Brands have also scouted fashion bloggers to become advocates and fresh faces of their brand. Bloggers from the U.S. such as Nicole Sereda of Running with Wedges and Rumi Neely of Fashion Toast, and Olivia Lopez of Lust for Life are all independent entrepreneurs who have worked with various brands to help publicize or wear their garments. Bloggers are the new fashion models that are more receptive to consumers because they present themselves in a more genuine and relatable manner.
Not only have people become their own businessperson, critic, and stylist through the Internet, but fashion design has flourished as well. The Internet is such a well-connected environment, designers have a new platform to promote their work. Besides being able to sell on your own online shop, designers can also pitch their works to bloggers and brands through these fashion websites. With some luck, their collections and designs can go viral with the help of fashion bloggers and all of their readers. Local Hong Kong fashion blogger and style icon Hilary Tsui created an extension of herself and her fashion with her own boutique, Liger. Not only are clothes from the store modeled on herself on her blog, but she has also created a more intimate connection with her readers who are also now her consumers at her store.
Blogging and the Internet has brought new life into the fashion industry by providing new ways for audiences to participate in the industry.

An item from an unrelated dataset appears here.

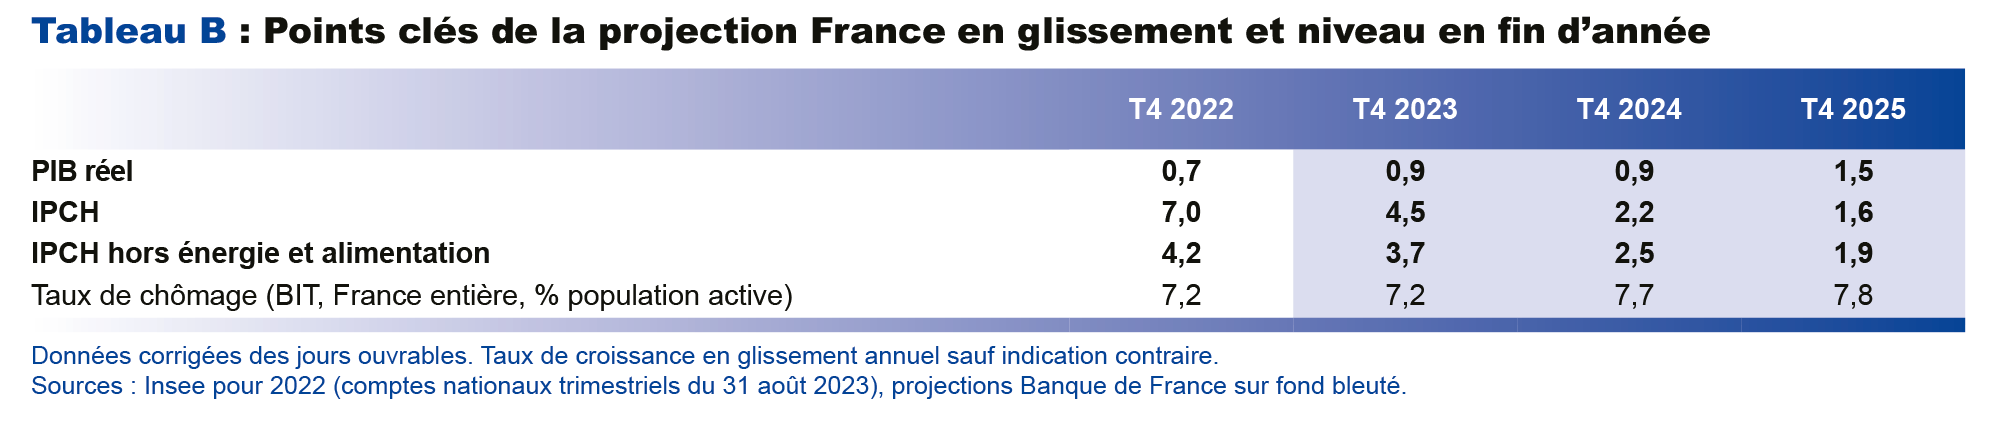  Projections macroéconomique septembre 2023 -  Points clés de la projection France en fin d’année

This spark of creativity has allowed designers, creators, and fashion followers to create a new, dynamic relationship, where everybody gets to be part of the show. People are no longer spectators to fashion—they create, understand, and critique what they see, creating an experience that is completely new and versatile. Brands can now use influential bloggers and fashion personalities as representatives of their new collections, and people no longer have to brainlessly accept what designers feed them. They can voice their opinions and add to the ever-growing fashion industry, and it challenges the fashion world to become more innovative and timeless than ever before.